Data to examine: Begin
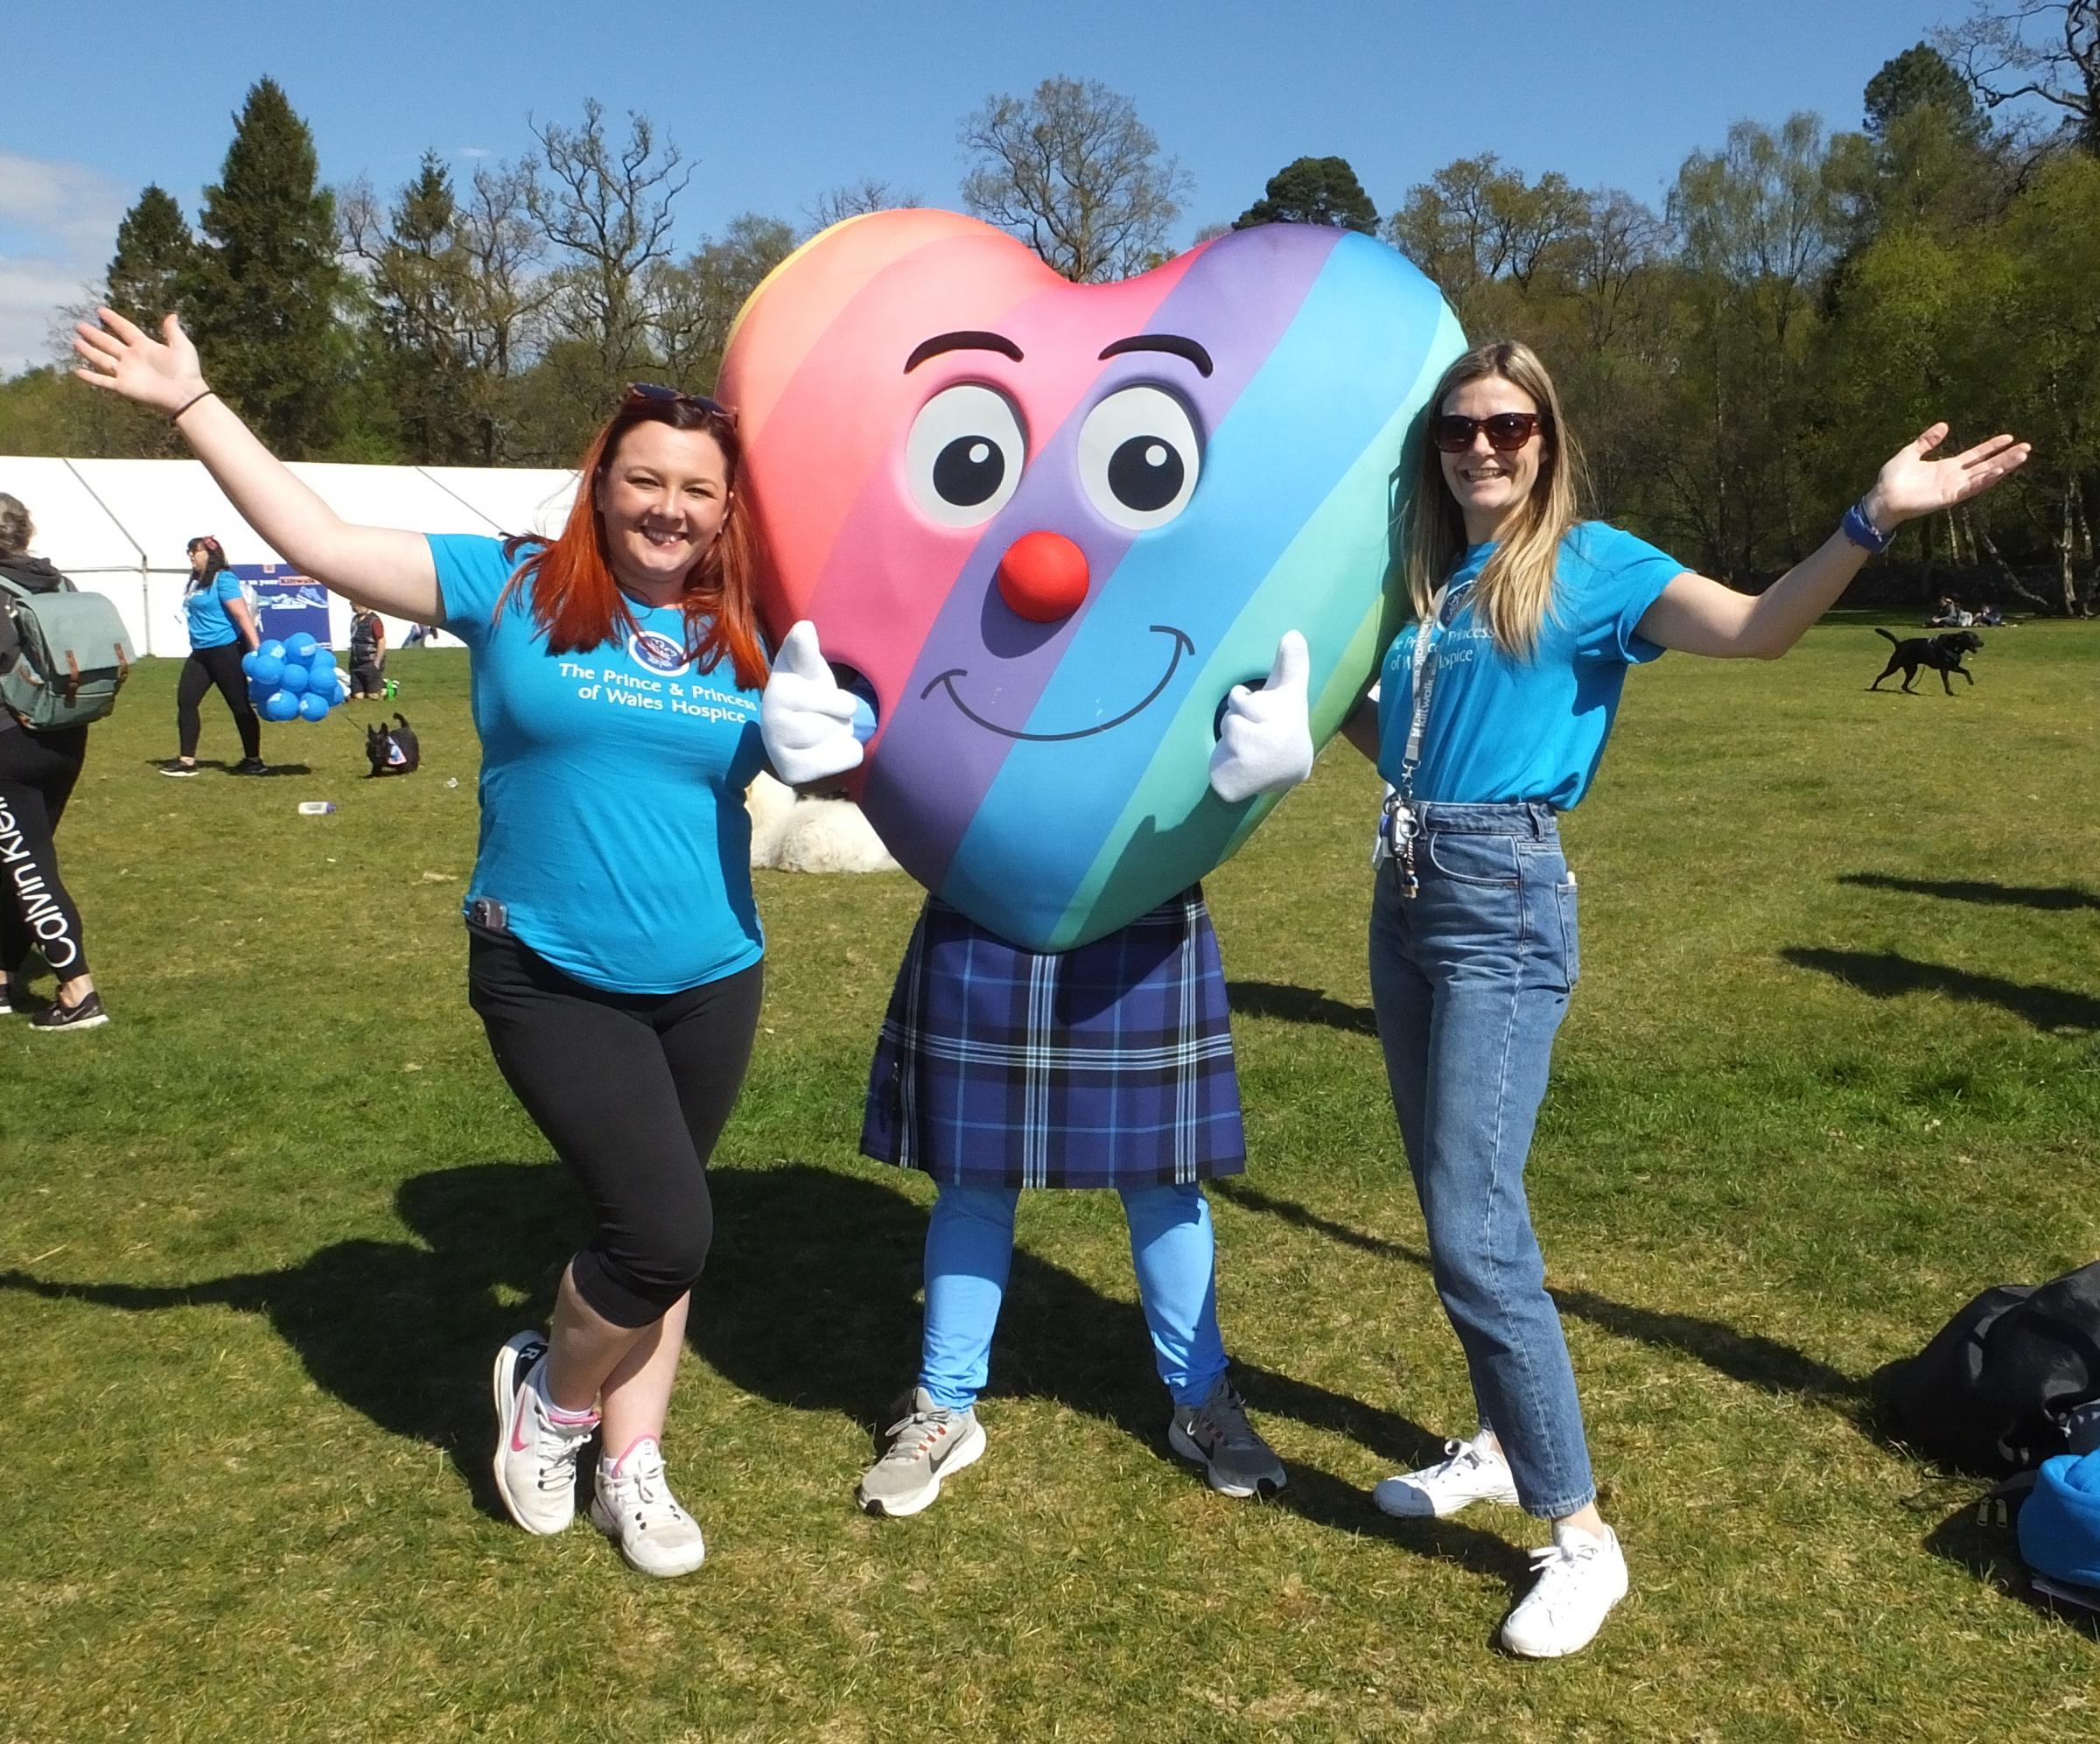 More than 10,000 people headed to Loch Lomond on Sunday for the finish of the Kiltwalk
Data to examine: End
Data to examine: Begin
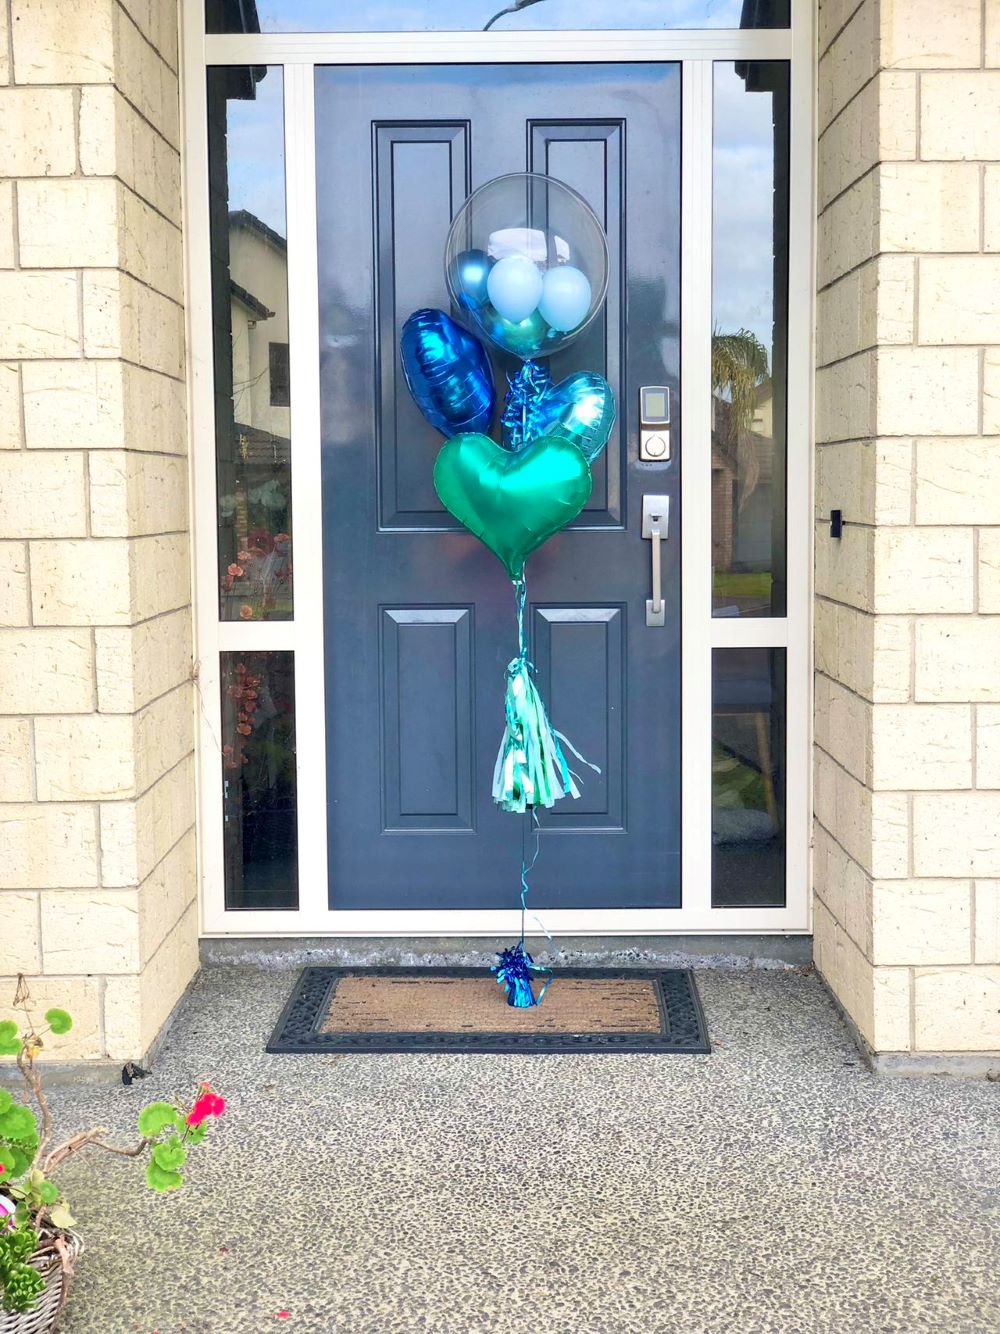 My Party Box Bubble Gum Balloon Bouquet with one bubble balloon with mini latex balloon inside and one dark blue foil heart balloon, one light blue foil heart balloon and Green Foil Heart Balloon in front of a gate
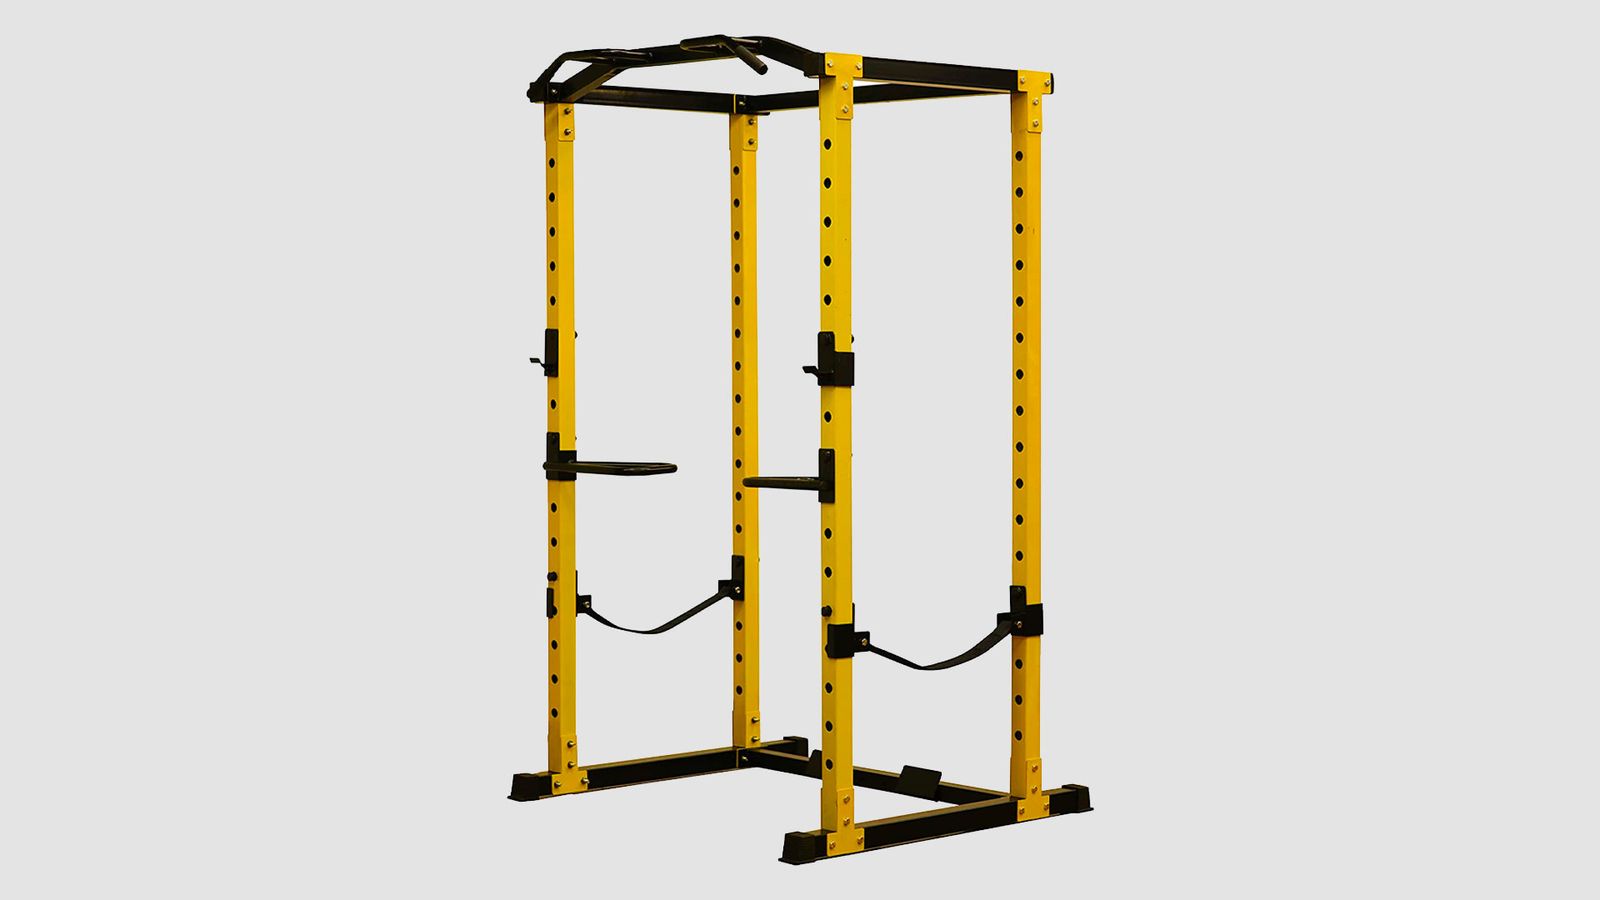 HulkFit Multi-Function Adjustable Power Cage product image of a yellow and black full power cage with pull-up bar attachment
Data to examine: End
* [Aim of the task]: Starting at the line above that holds "My Party Box", repeat every line exactly down to and including the line that holds "HulkFit Multi-Function Adjustable", then stop. Do not carry over any pictures.

* [Exercise answer]:
 My Party Box Bubble Gum Balloon Bouquet with one bubble balloon with mini latex balloon inside and one dark blue foil heart balloon, one light blue foil heart balloon and Green Foil Heart Balloon in front of a gate
 HulkFit Multi-Function Adjustable Power Cage product image of a yellow and black full power cage with pull-up bar attachment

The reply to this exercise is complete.